All Ayalytical contributions to Products and Services, results of Services, and any other work product designed or provided by Ayalytical hereunder may contain or result in statutory and non-statutory Intellectual Property, including but not limited to patentable subject matter or trade secrets; and all such Intellectual Property remains the sole property of Ayalytical; Customer shall not disclose (except to the extent inherently necessary during any resale of Product sold hereunder), disassemble, decompile, or otherwise reverse engineer said contributions, or any results of the Services, or any work product, or otherwise attempt to learn the underlying processes, source code, structure, algorithms, or ideas.
These terms incorporate and/or replace all prior terms whether oral or written, and may not be changed by either party except in writing signed by both parties. The failure by Ayalytical to enforce at any time any of the provisions of this contract, or to exercise any election or option provided herein, shall in no way be construed as a waiver of such provision or option, nor in any way affect the validity of this contract (or any part hereof), or the right of Ayalytical thereafter to enforce each and every such provision. If any provision hereof is held by a court of competent jurisdiction to be unenforceable the remaining terms and provisions shall be unaffected and remain in full force and effect.
This agreement shall bind and inure to the benefit of Ayalytical’s successors and assigns, including without limitation, any entity into which Ayalytical shall merge or consolidate. Customer may not assign any of Customer’s rights or obligations under this agreement without Ayalytical’s prior written consent. Any attempted assignment, delegation, or transfer by Customer without such consent of Ayalytical shall be void.

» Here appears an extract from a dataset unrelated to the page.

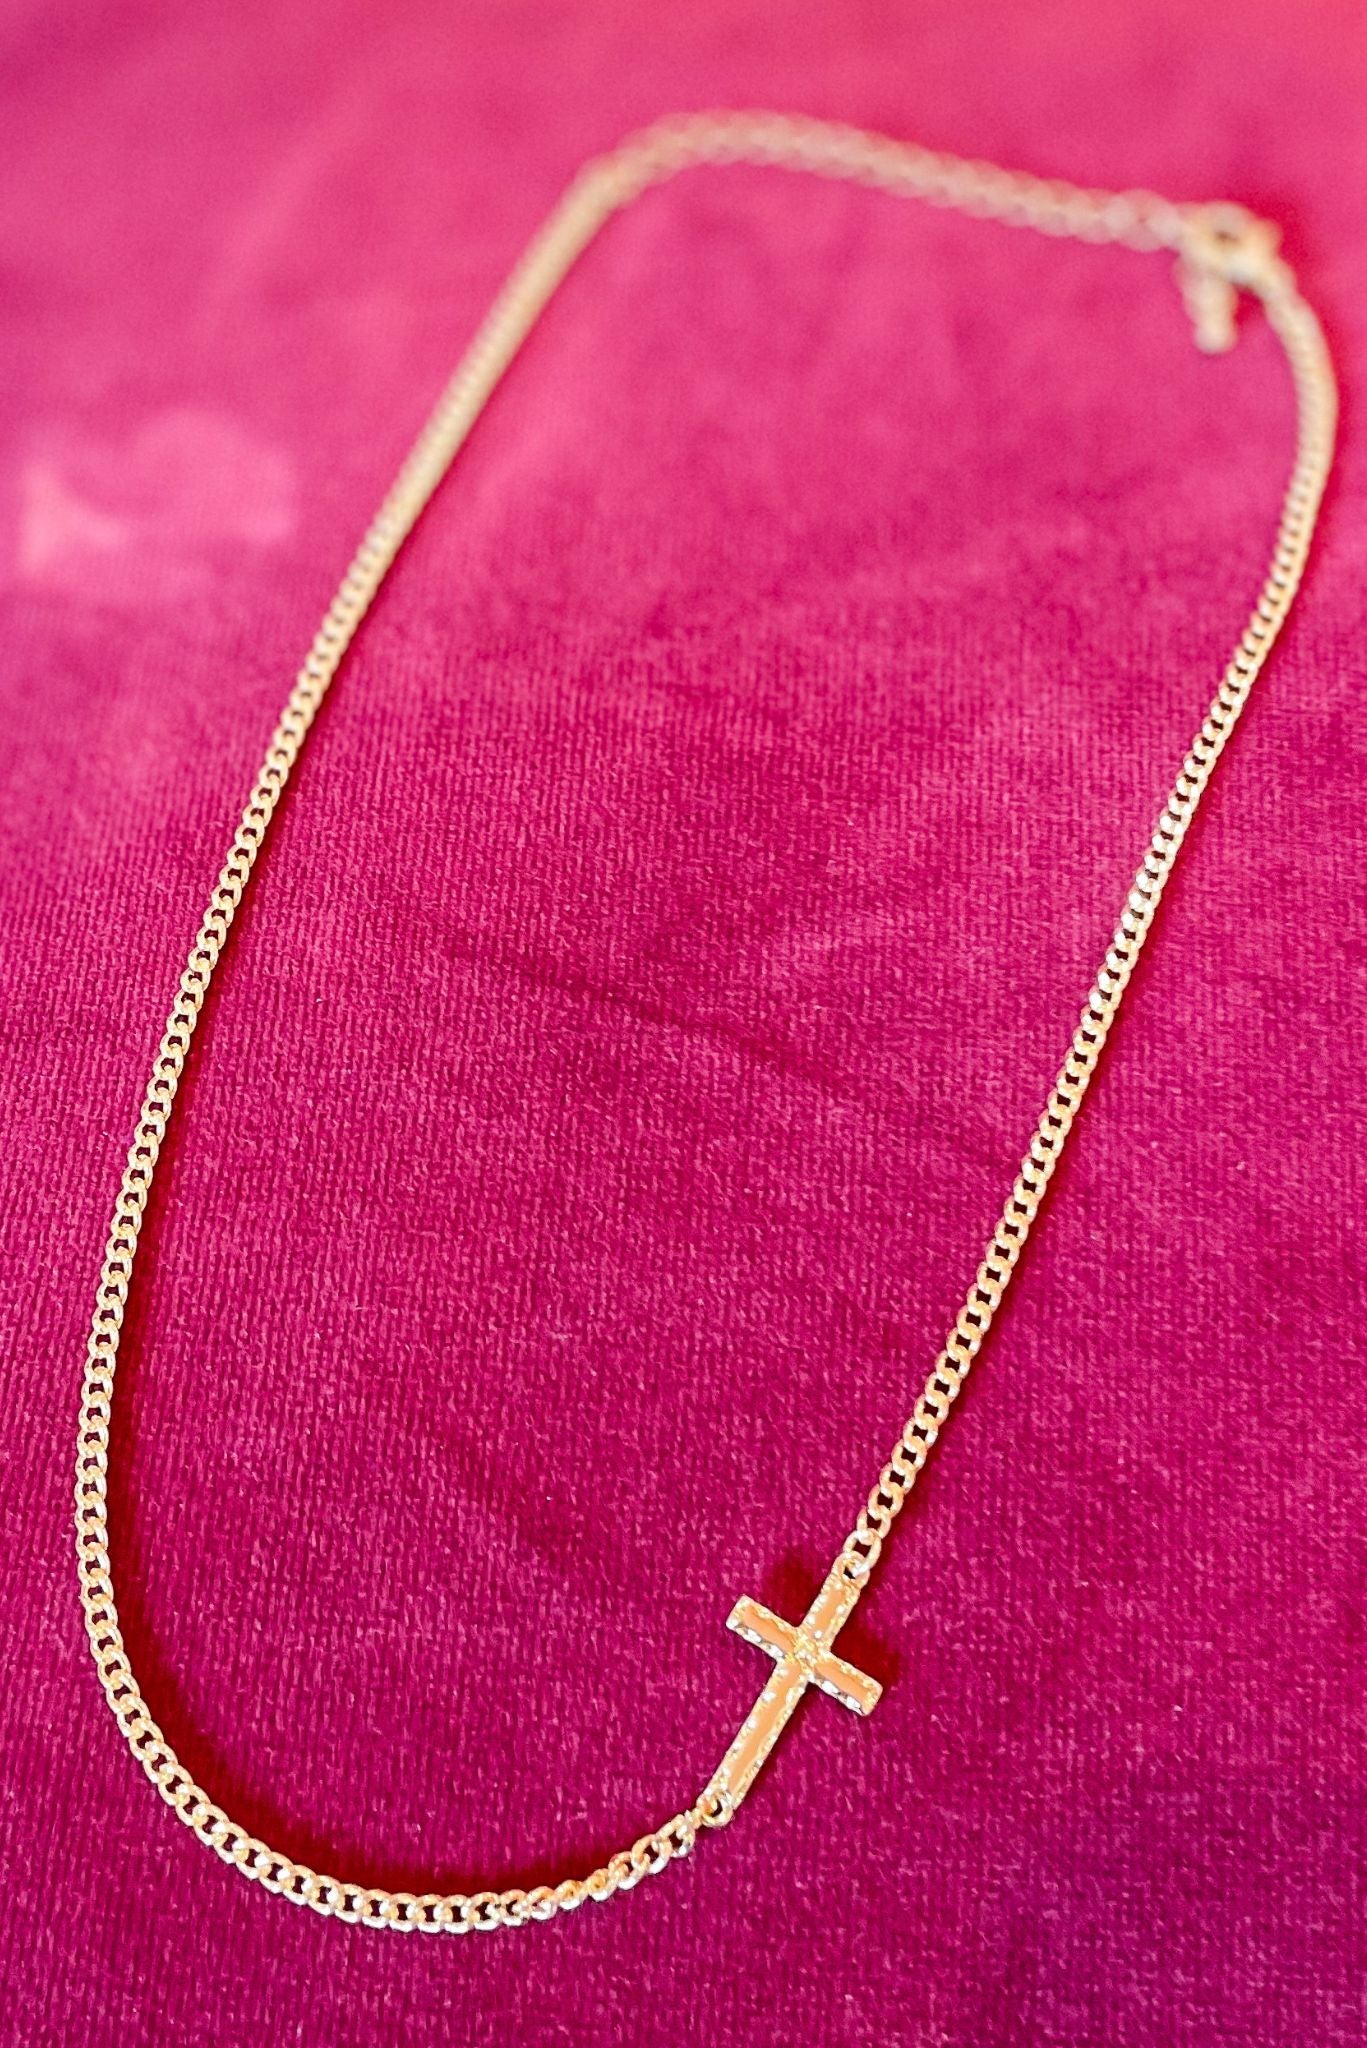 Gold Cross Accent Chain Necklace, fall fashion, must have, chic, elevated look, everyday wear, mom style, shop style your senses by mallory fitzsimmons

Ayalytical will exercise reasonable efforts to fill all orders according to the agreed schedule(s); provided, however, that Ayalytical shall not be responsible for any damages or delays caused by acts of God, acts of civil or military authorities, fires, strikes, floods, epidemics, quarantines, restrictions of government, war, riots, transportation delays, obtaining necessary engineering talent, labor, materials or manufacturing facilities, or any other cause beyond its reasonable control. In the event of any such delay, the delivery date shall be extended for such length of time as may be reasonably necessary.
All rights of the parties with respect to any sale covered hereby shall be governed by the substantive law of The United States of America, with the exception of its private international law rules. The competent court for Chicago, IL, shall have exclusive jurisdiction regarding any dispute, controversy or claim arising out of or relating to this agreement.